"Street Smart" isn't "Perfect" (thank heaven). It's more like
"Uptown/Downtown," a look at the world of differences between a
well-heeled magazine journalist (Christopher Reeve), who concocts a
fictional profile of an upwardly mobile Times Square pimp, and a real
pimp (Morgan Freeman), who the law is convinced is the model for the
story.
The piece ends up on the cover of the glitzy New York Journal and
before you can say "call my agent," Reeve is doing a series of
investigative bits for a television news program. Problems crop up when
the real pimp is charged with a murder and the prosecution demands the
journalist's notes on his interviews.
Those notes, of course, don't exist, and while at first Reeve
stonewalls with First Amendment excuses, he later has a hard time
convincing anyone that he made the whole thing up. The judge holds him
in contempt, and the pimp's trial turns into a constitutional
confrontation.
Reeve's character is no Clark Kent or Seymour Hersh, but a cynical,
opportunistic writer quick to make ethical and moral compromises and
sell out to the highest bidder. The part is a welcome change of pace for
the Actor of Steel, who comes across as an unlikable, unscrupulous cad.
(He's a handsome cad, though -- obviously tapped for the role because
his looks so closely approximate those of the average working
journalist.)
Kathy Baker does a good turn as a prostitute -- she's far from
gorgeous, but hard and stout and looking like she's been around -- while
the preppy-looking Mimi Rogers plays Reeve's girlfriend.
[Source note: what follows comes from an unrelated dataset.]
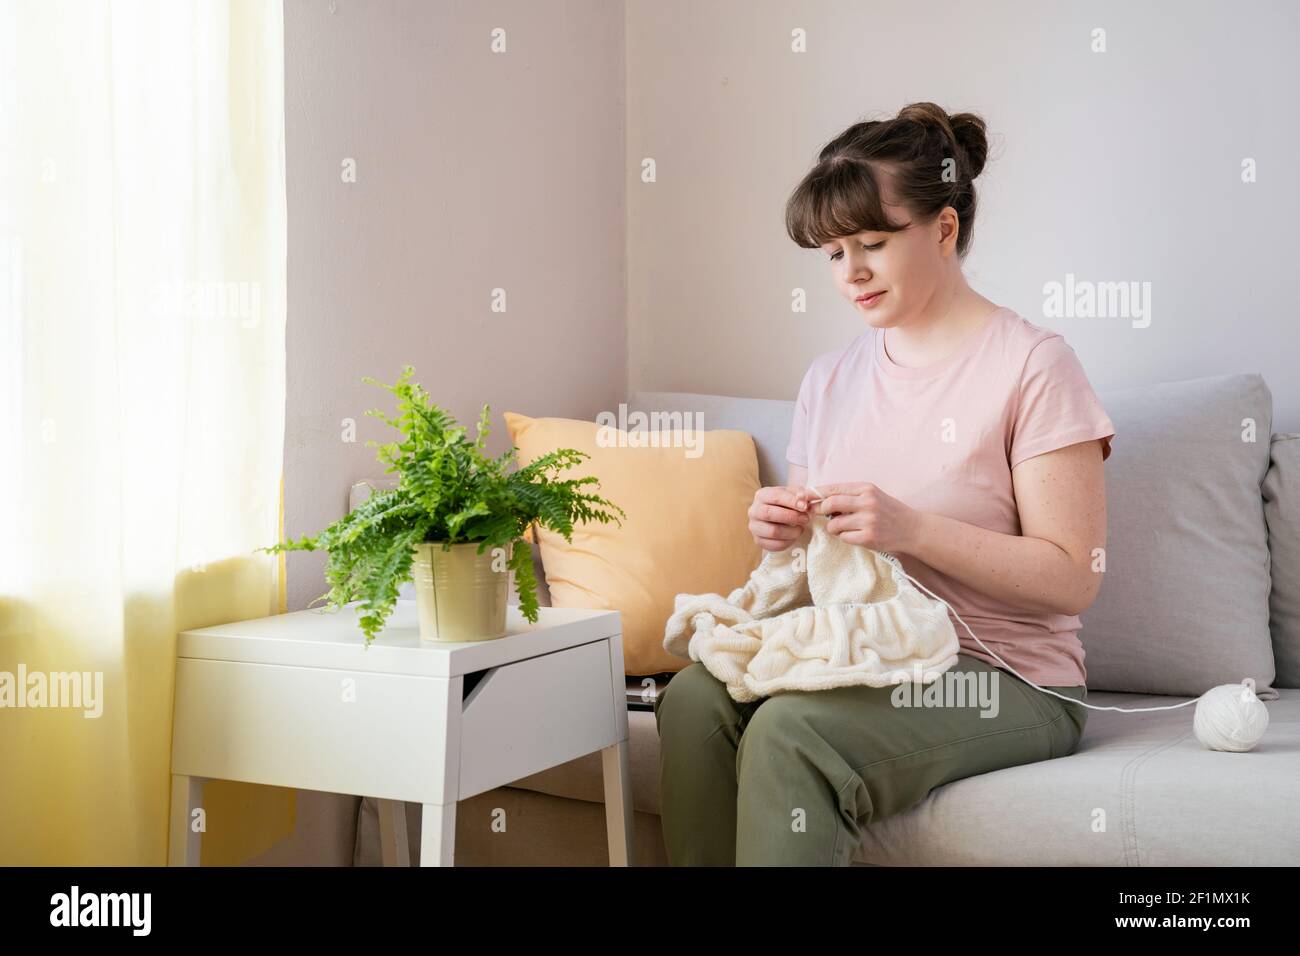 Young woman knitting white knitwear on sofa at home Stock Photo
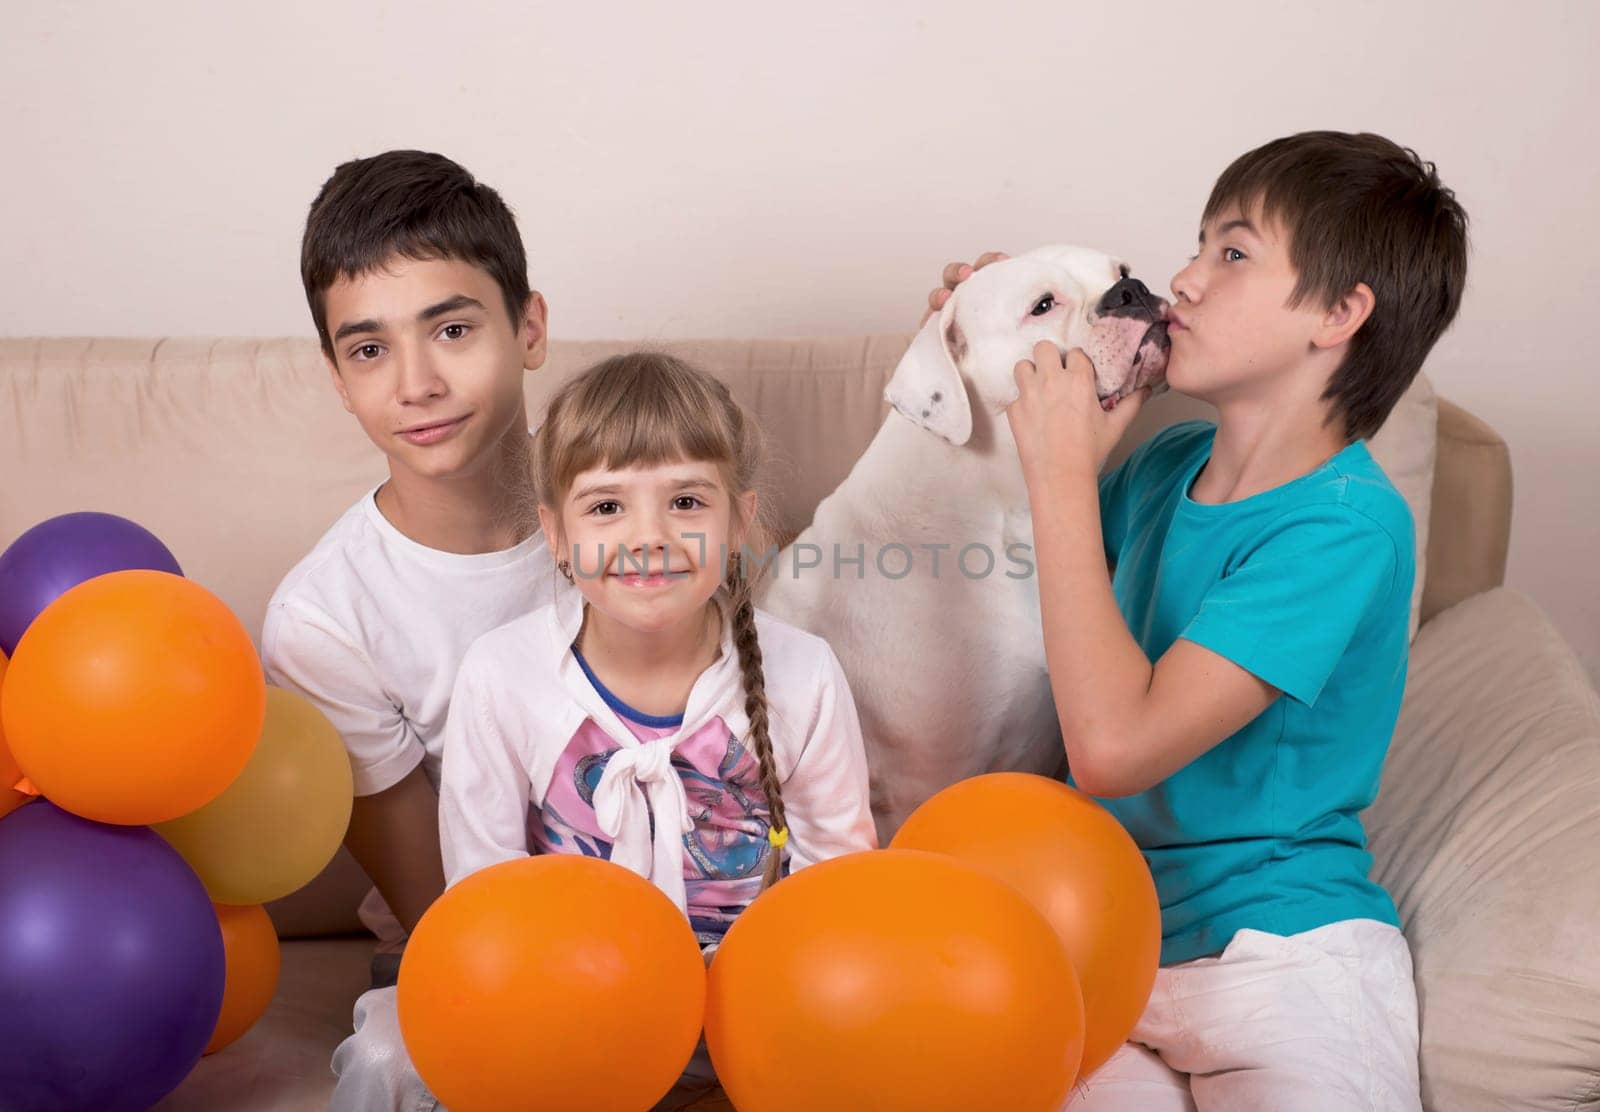 People and animals. Happy, cheerful children and an American bulldog dog sit on a bright sofa in the living room by aprilphoto

Andre Gregory
(of "My Dinner With ...") plays Reeve's socialite editor, lemon-faced
Jay Patterson the prosecuting attorney and Frederick Rolf the sleazy
defense lawyer. Both journalism and the law take a beating here.
Also, Montreal appears as New York.
The most convincing acting comes from Freeman as the vicious pimp
Fast Black. The role is hardly a triumph over racial stereotypes, but
the veteran actor gives his character an indelibly ugly and disturbing
edge, making quite real the mix of paternalism and sudden sadism that
pimps use to keep their victims on a short leash.
But "Street Smart" as a whole is flat. Director Jerry Schatzberg's
major problems are lethargic pacing and a strained plot. The sequence of
events portrayed -- from the uncomfy alliance between writer and pimp to
the proposed new fiction (phony notes) designed to provide Reeve with an
alibi -- is less than logical, and the violent finale is not only
ridiculous but morally reprehensible. Street Smart, at area theaters, is
rated R and contains profanity and scenes of violence.